Simon Chapman AO is Emeritus Professor in Public Health at the University of Sydney where he ran public health advocacy and tobacco control courses for many years. In 1997, he won the World Health Organization's World No Tobacco Day Medal, and in 2003 was awarded the American Cancer Society’s Luther Terry Award for outstanding individual leadership in global tobacco control. For 17 years, he was deputy editor and then editor of the specialist journal Tobacco Control. In 2008, he won NSW Premier’s Cancer Researcher of the Year award and in 2013 was made an Officer in the Order of Australia for his contributions to public health. His latest book Quit Smoking Weapons of Mass Destruction will be published on 1 July.
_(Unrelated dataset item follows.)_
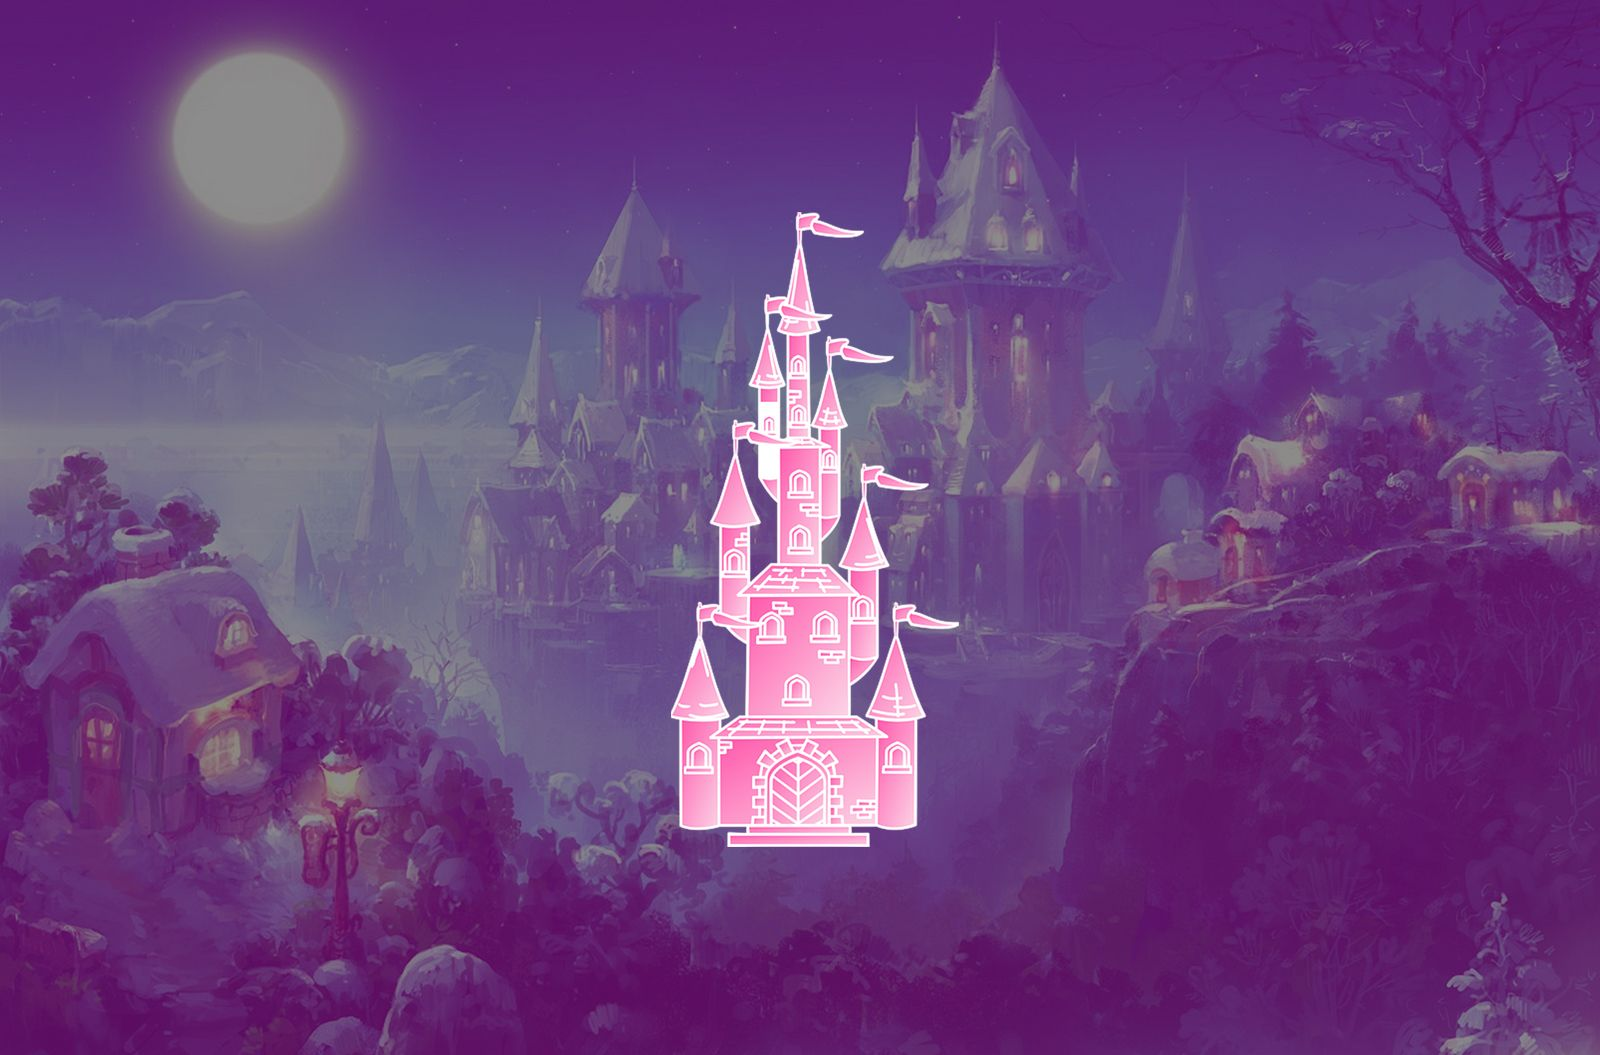 Pink Fairytale Princess Castle Wallpaper Princess Castle Fairy Tales Wallpaper
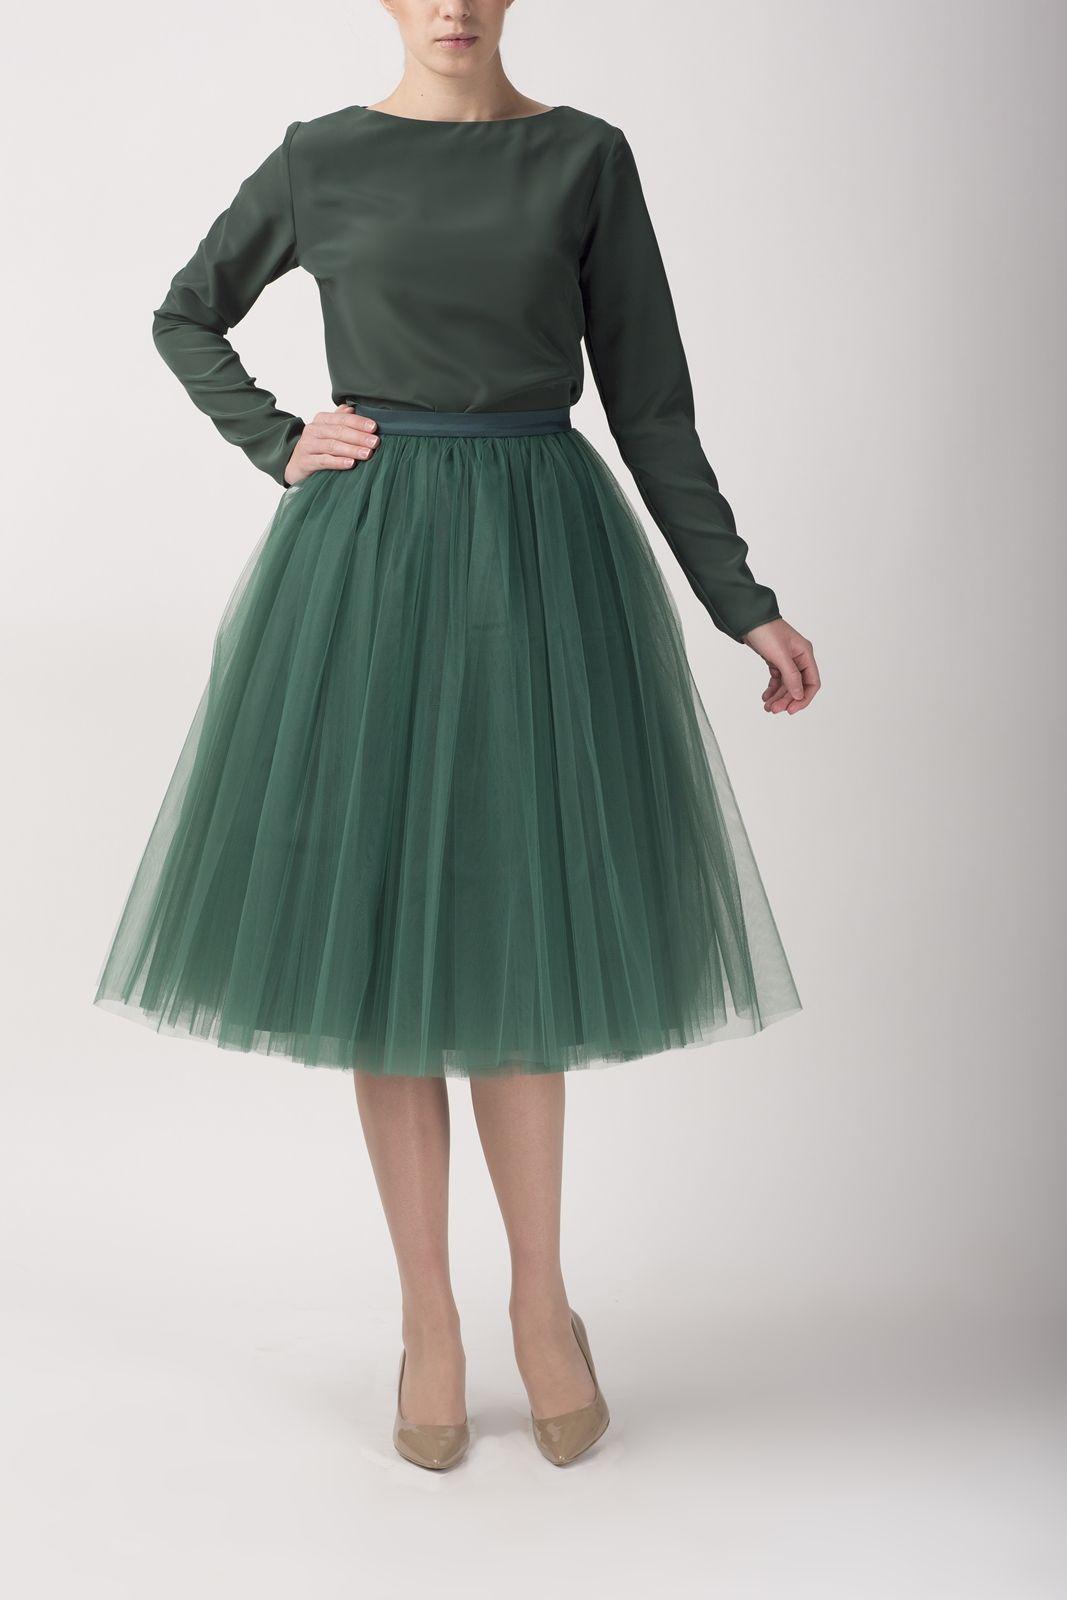 Bottle green tulle skirt and blouse by Fanfaronada | Styles ...

Portrait of author Simon Chapman

What gave you the inspiration to write this book?

The single greatest privilege of academic life for me has always been that you are encouraged to write and get a salary to allow you to do lots of it. Along with music and great conversation, writing has always been a huge passion of mine. If I’m not writing something each day, or researching in preparation for doing so, I feel a gnawing hunger to get behind a keyboard. So, the overarching inspiration for the book was my almost visceral need to write.

This book has been percolating for almost 40 years since I first wrote about how most smokers quit in a polemical piece in I have always been an instinctively sceptical person and was beyond delighted to be named Australian Skeptic of the Year in 2013. It was my scepticism that locked onto the bizarre neglect in the tobacco control field about the overwhelming way that most ex-smokers quit (by doing it cold turkey) and the ambition of many of my colleagues and the pharmaceutical industry to try and erode this by convincing as many smokers as possible to do anything but try to quit alone.Ìý

How would you describe your writing process?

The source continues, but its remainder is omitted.